-- DATASET EXTRACT follows --

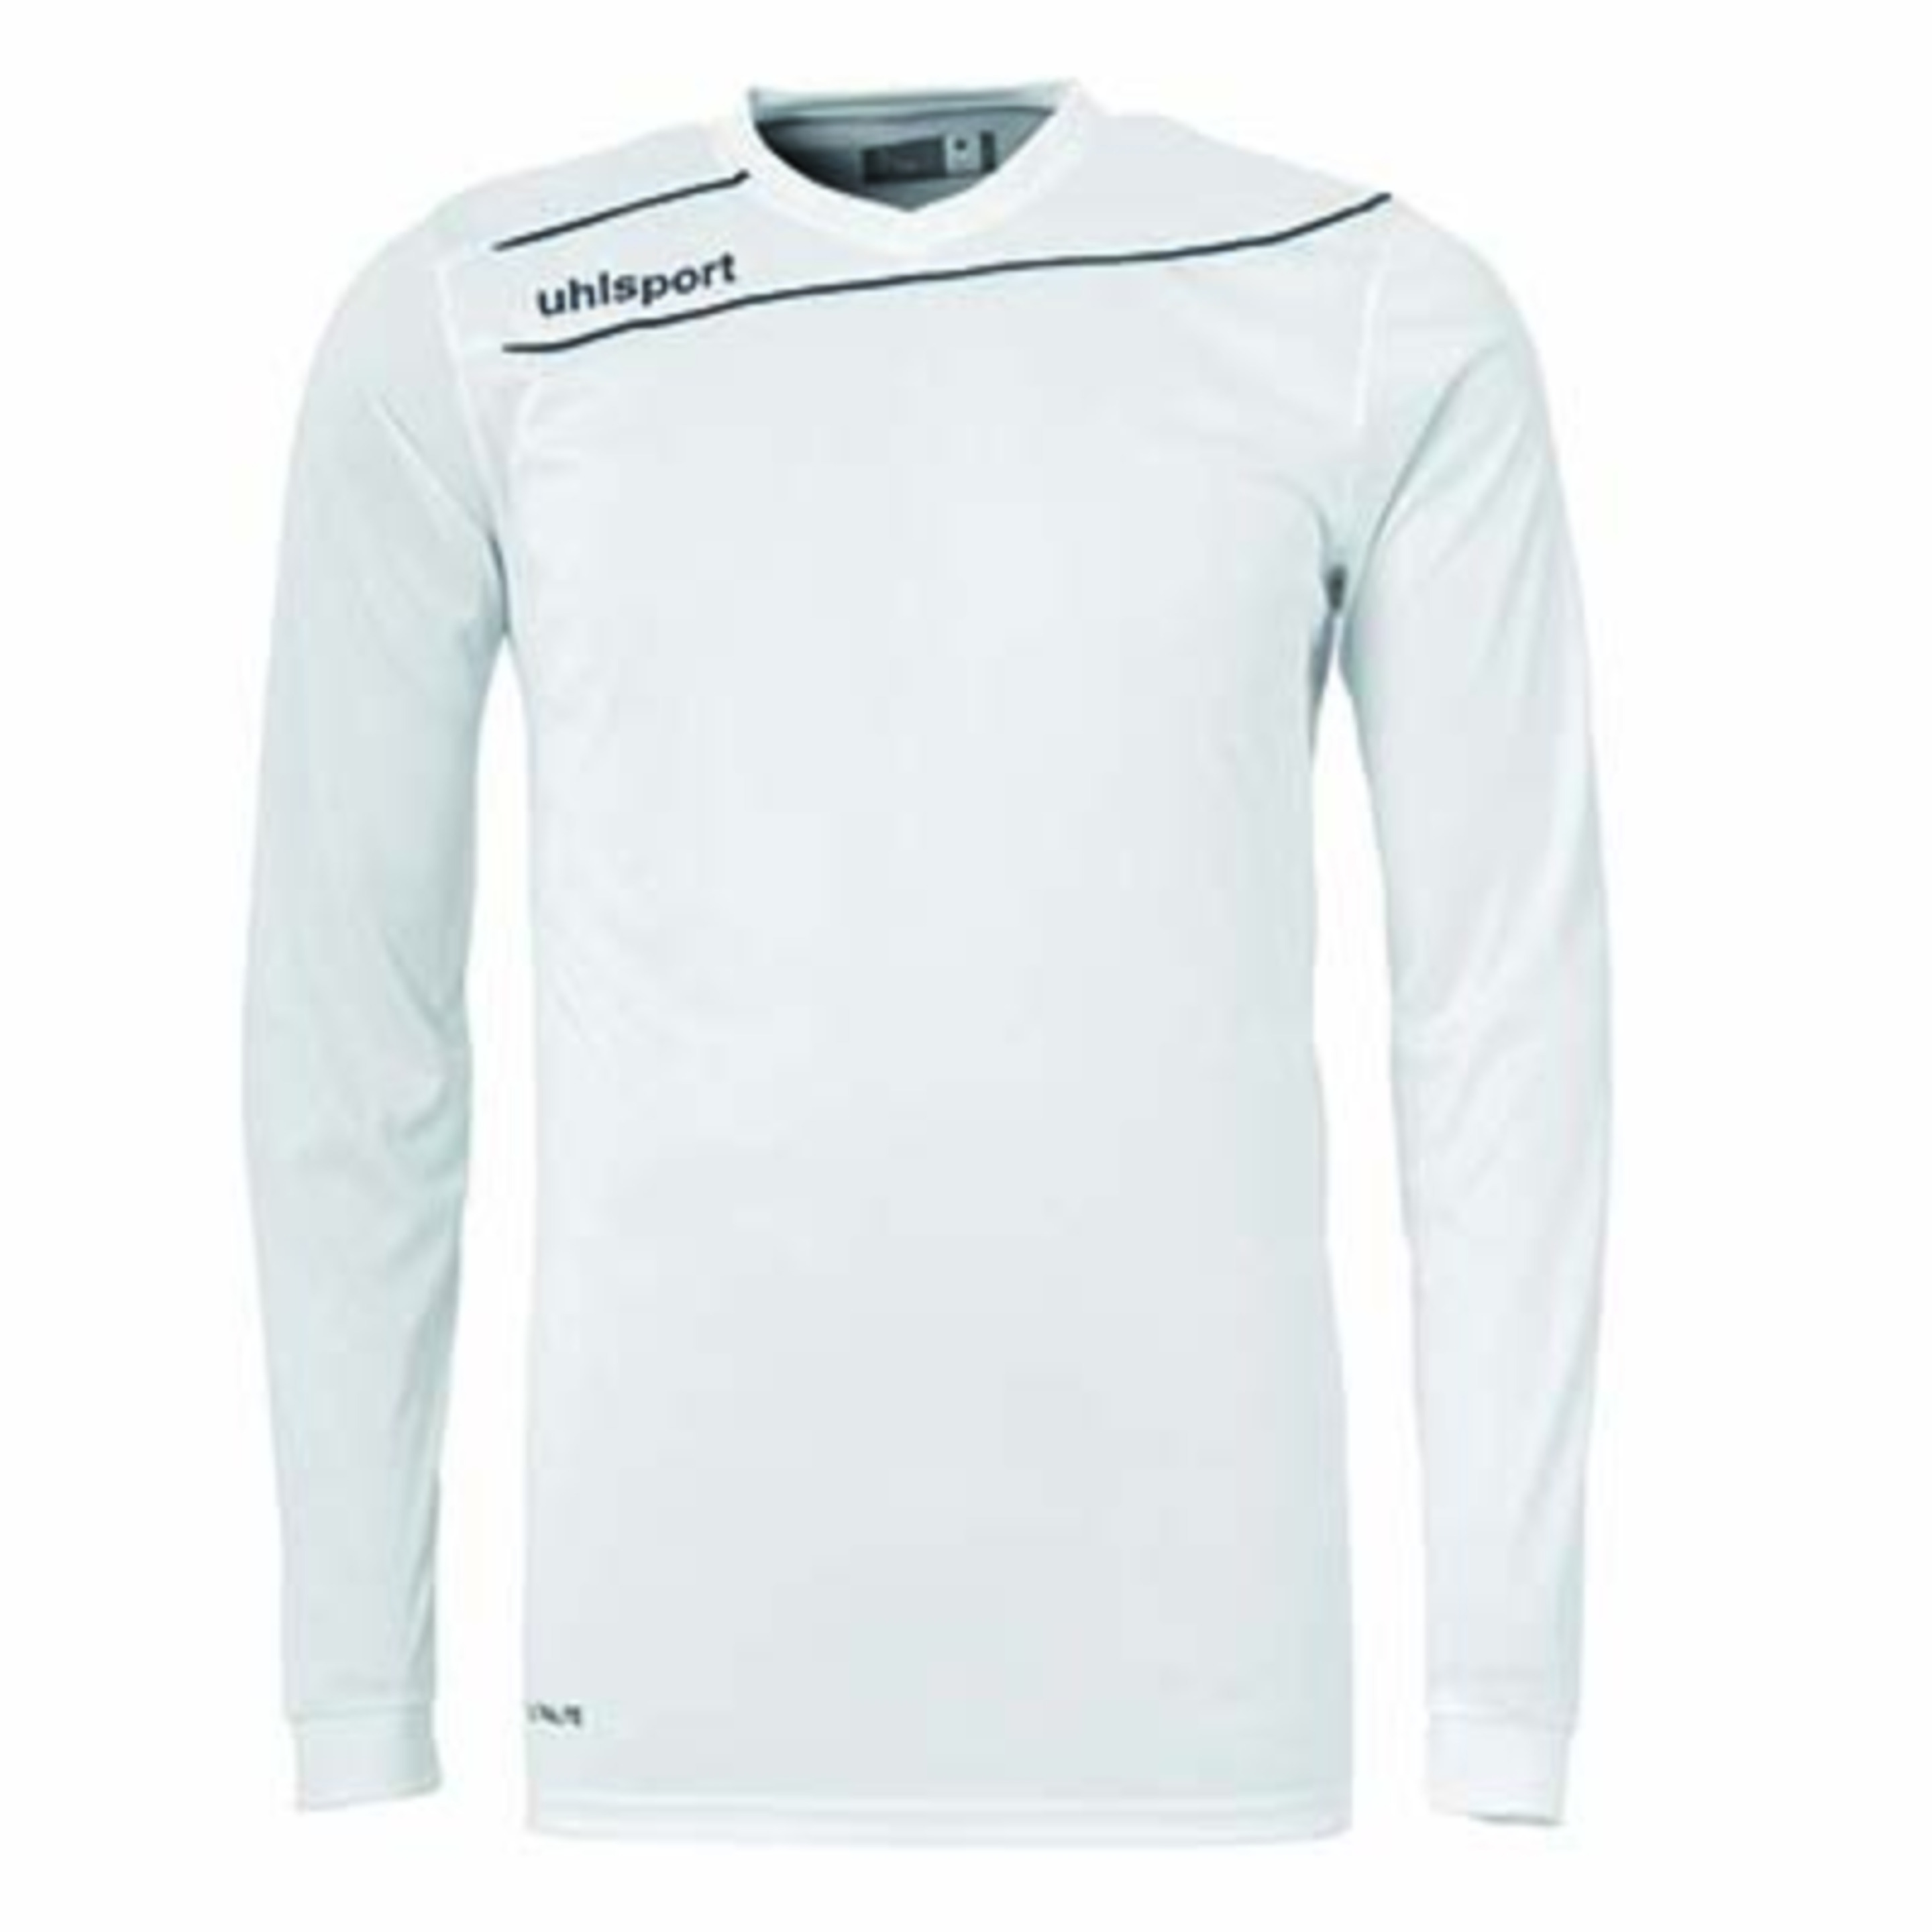 Stream 3.0 Camiseta Ml Blanco/negro Uhlsport - negro-blanco - 
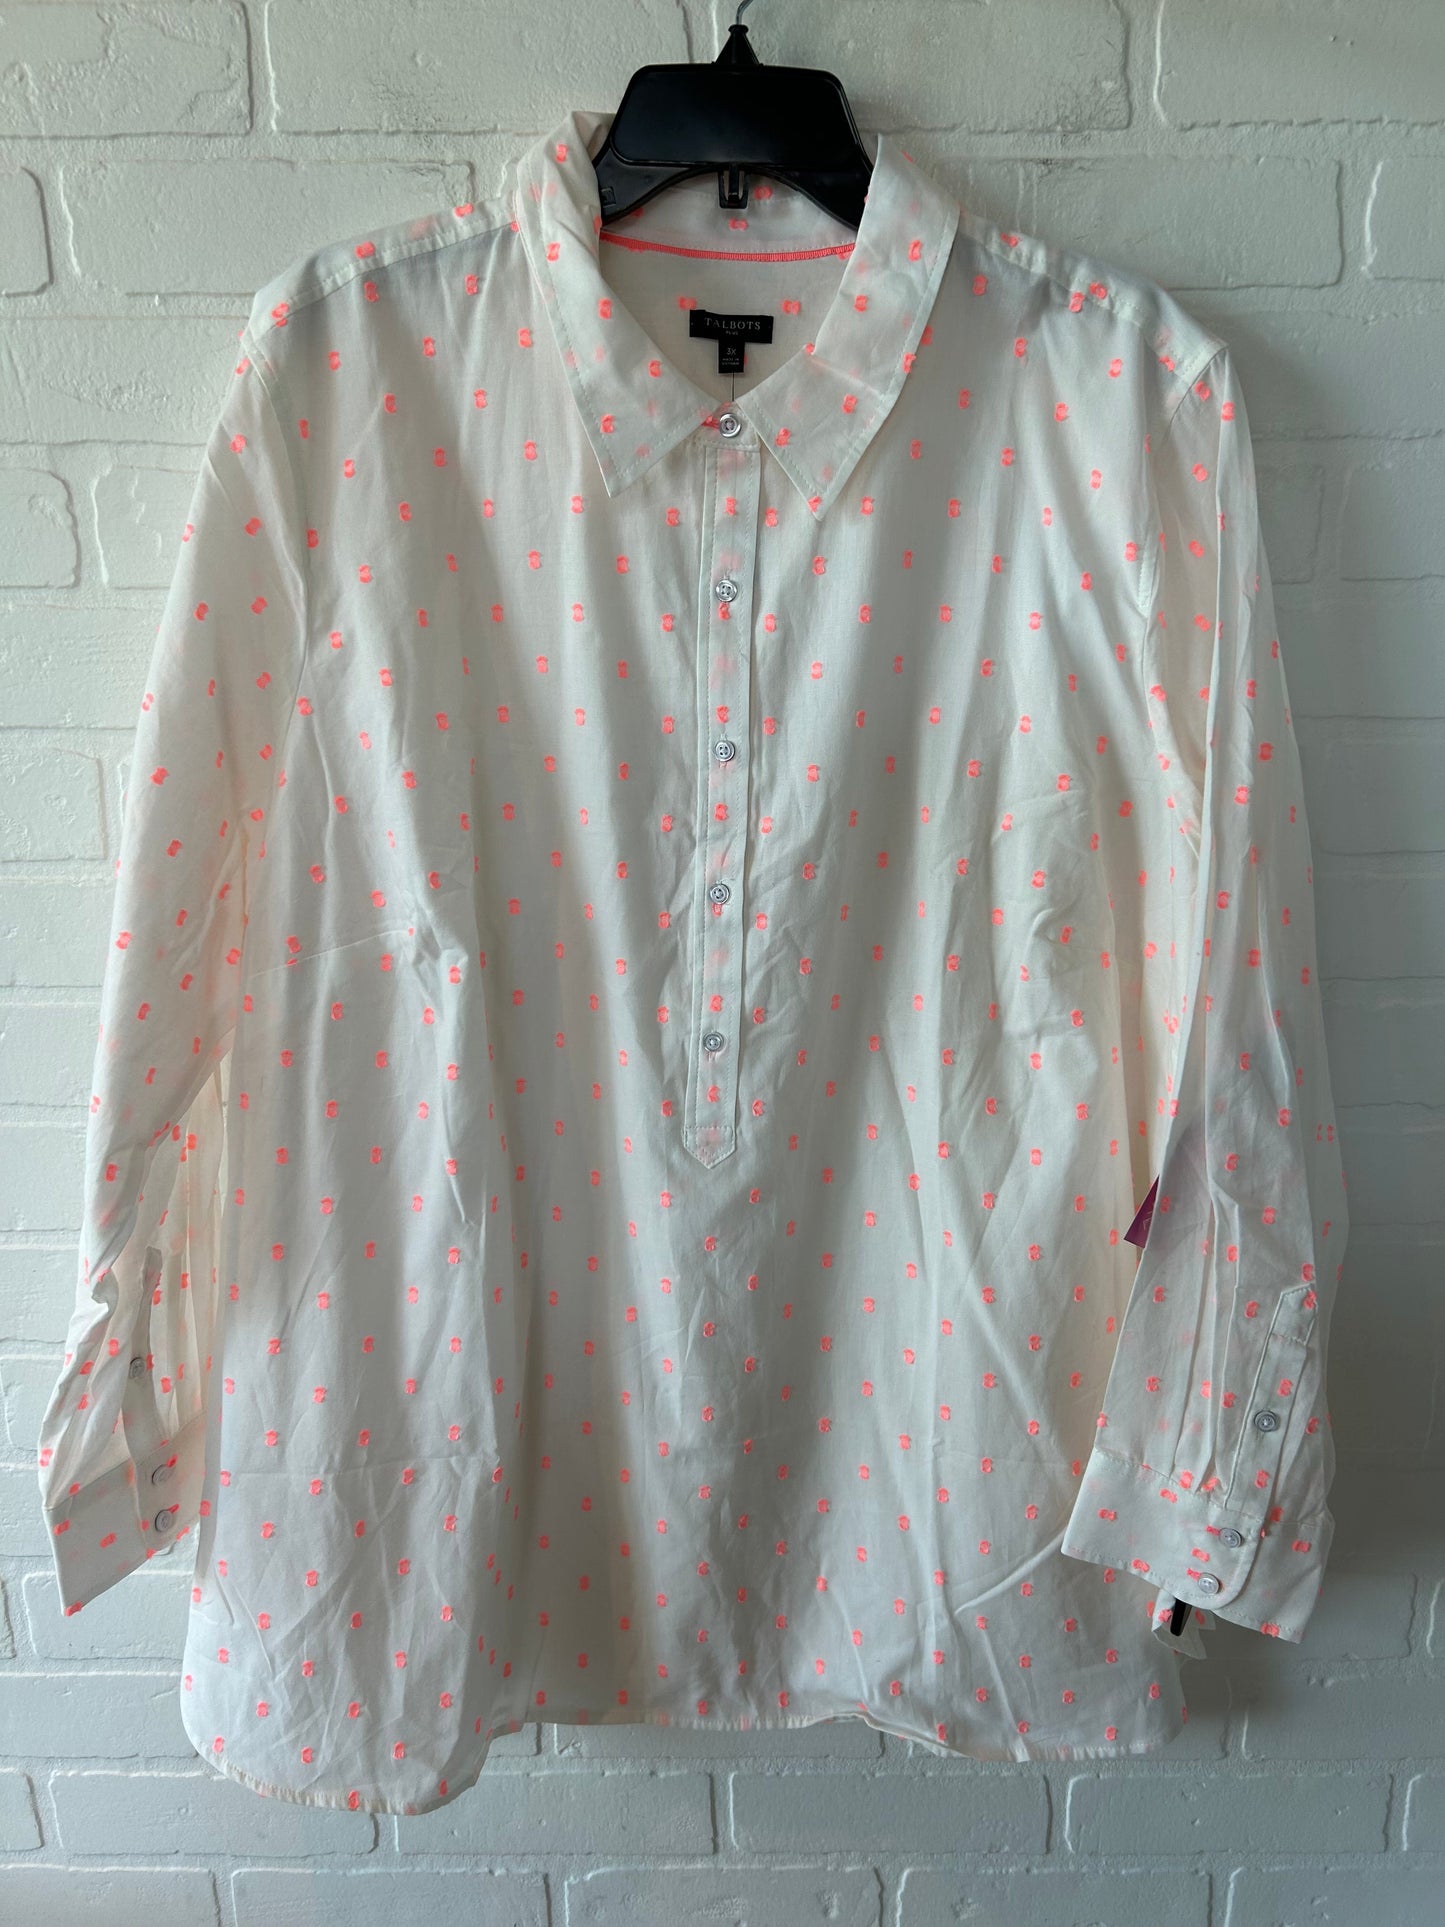 Pink & White Blouse Long Sleeve Talbots, Size 3x
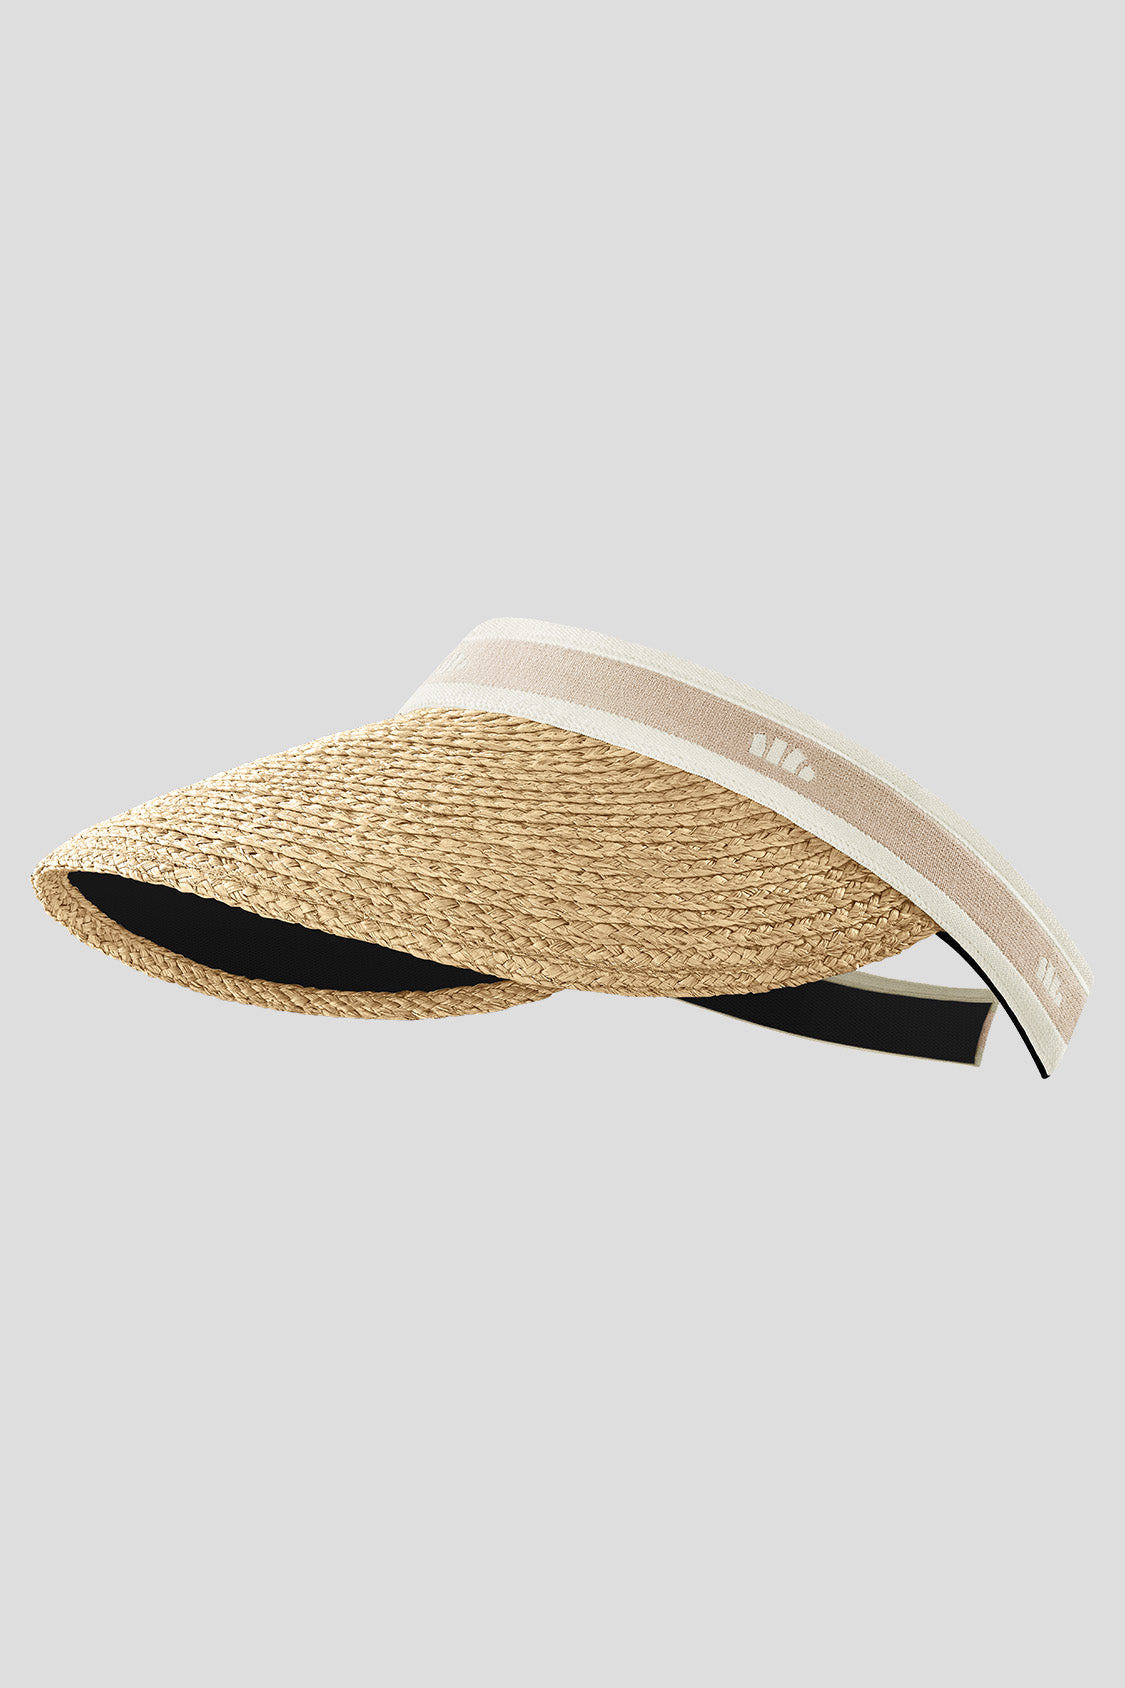 beneunder women's sun hats raffia upf50+ #color_light brown raffia

-- DATASET EXTRACT concluded --

▸ ACTIVITY
Output all of the data word for word, excluding any pictures.

▸ RESPONSE
 Stream 3.0 Camiseta Ml Blanco/negro Uhlsport - negro-blanco - 
 Pink & White Blouse Long Sleeve Talbots, Size 3x
 beneunder women's sun hats raffia upf50+ #color_light brown raffia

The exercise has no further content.